• What the task requires:
Your copy should start at the line with "Toni Pons 'Carmina'" and end at the line with "Van még fejlődési" in the data below. Transcribe only those lines, exactly, pictures excluded.

• Information provided:

====================

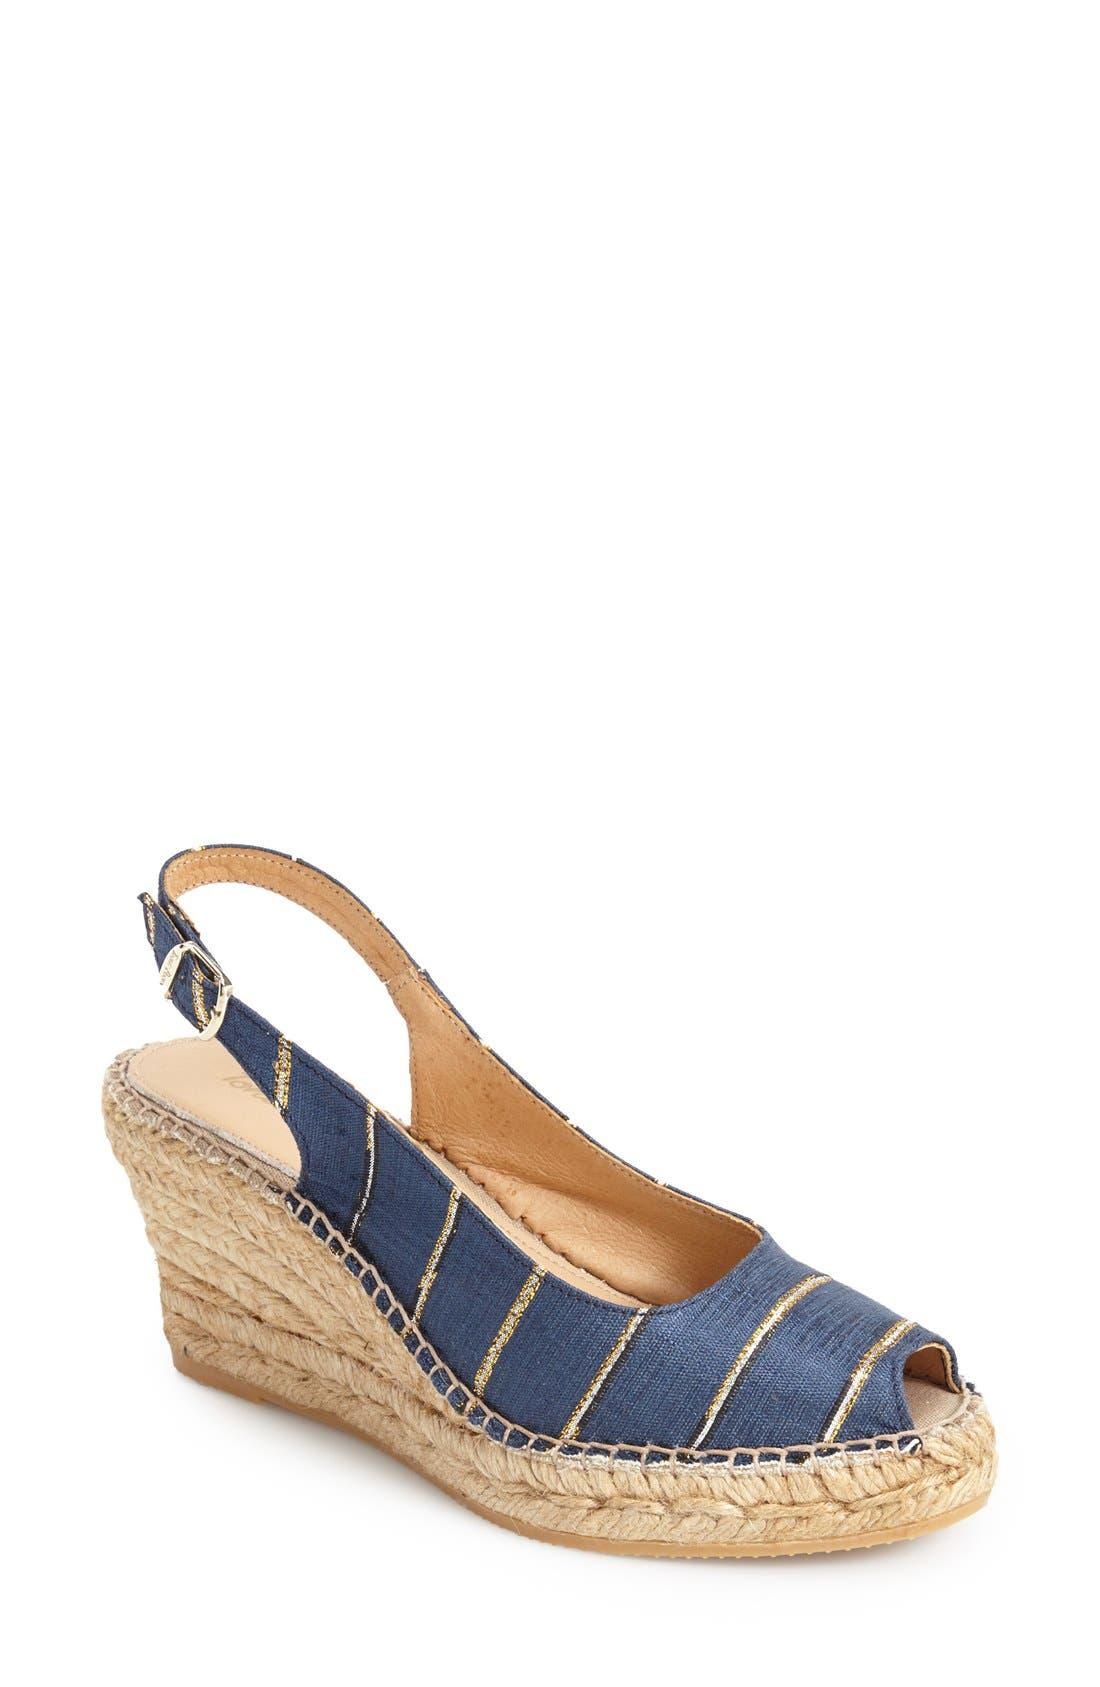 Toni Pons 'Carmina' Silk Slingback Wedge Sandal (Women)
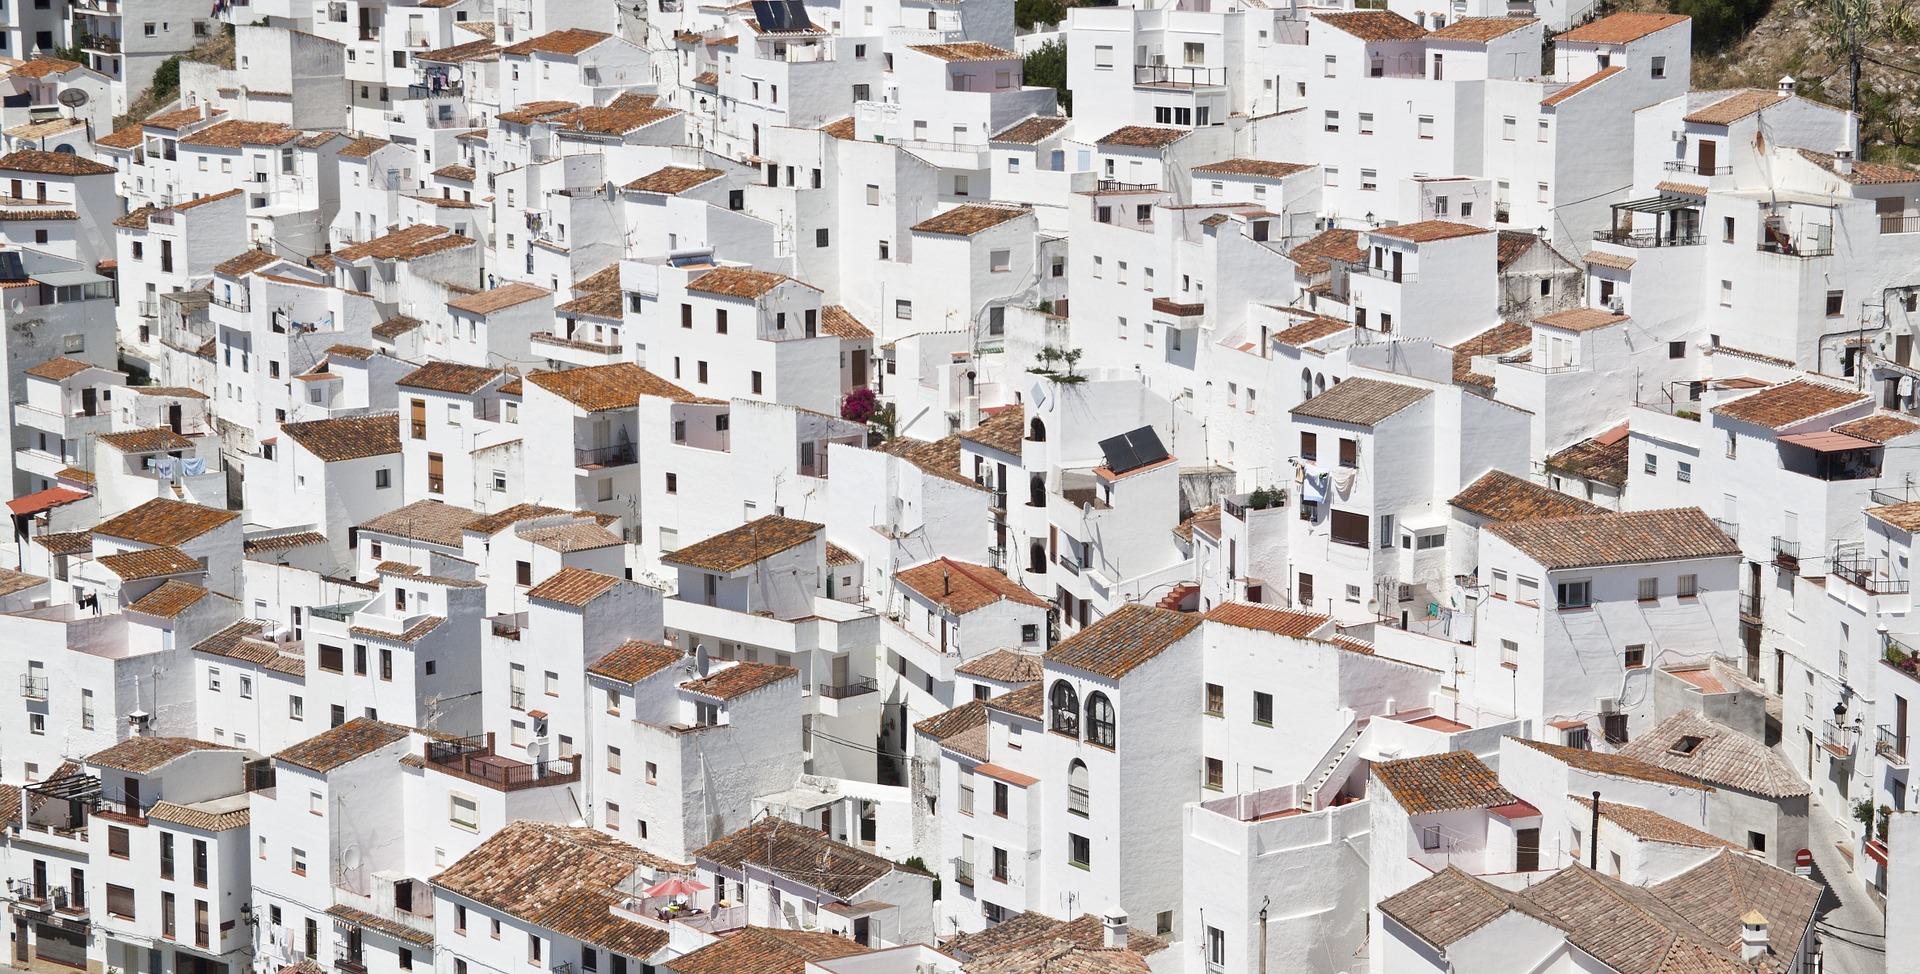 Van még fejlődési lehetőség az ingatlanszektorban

====================

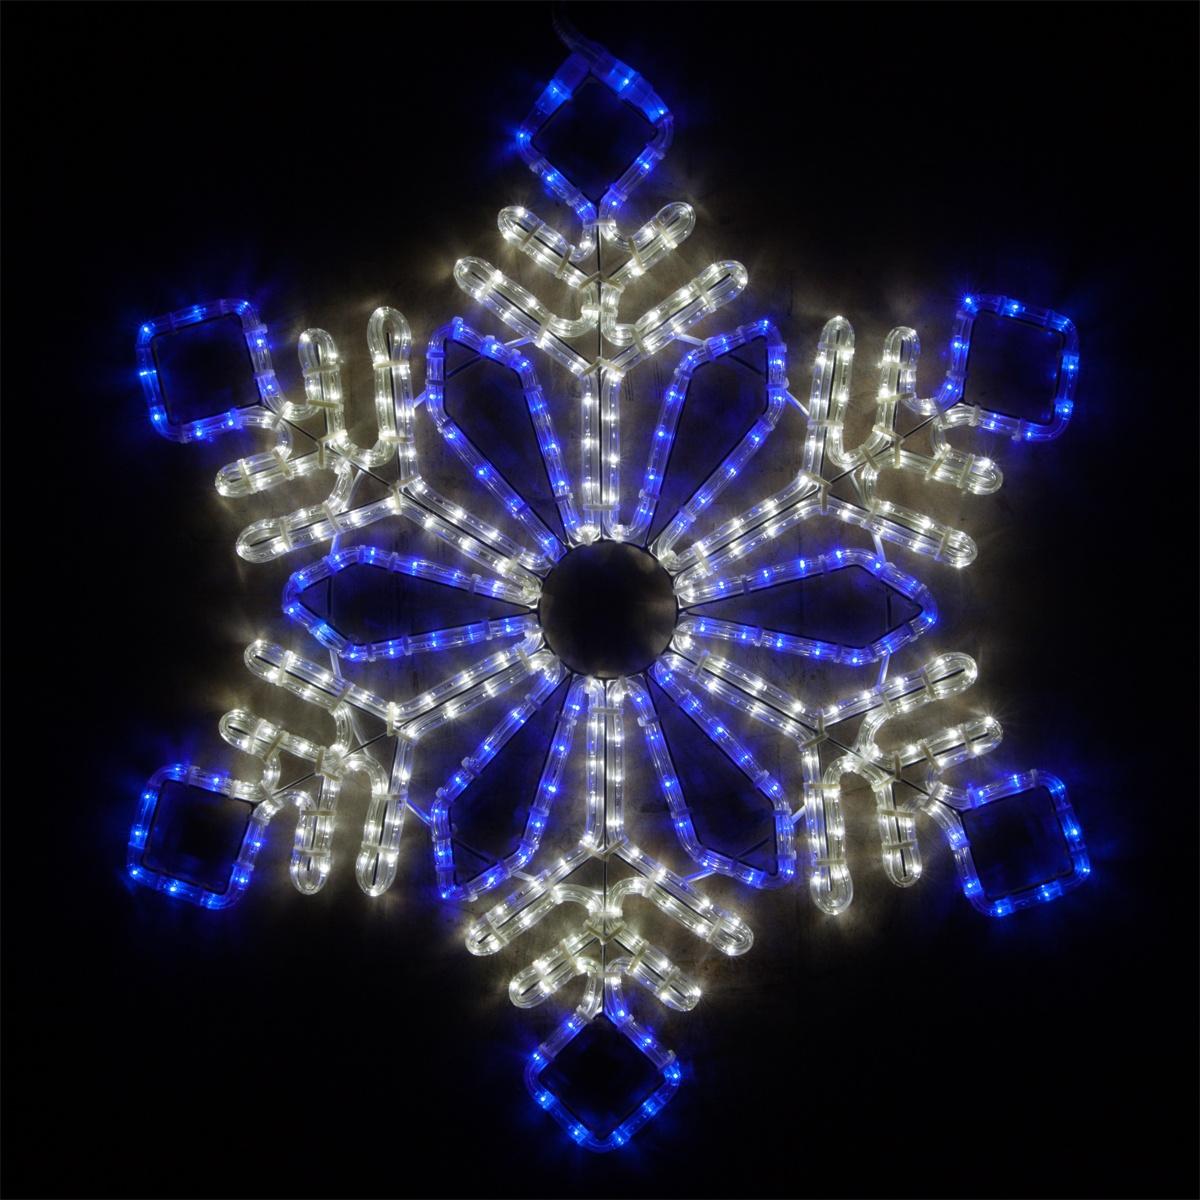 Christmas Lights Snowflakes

====================

• Solution:
 Toni Pons 'Carmina' Silk Slingback Wedge Sandal (Women)
 Van még fejlődési lehetőség az ingatlanszektorban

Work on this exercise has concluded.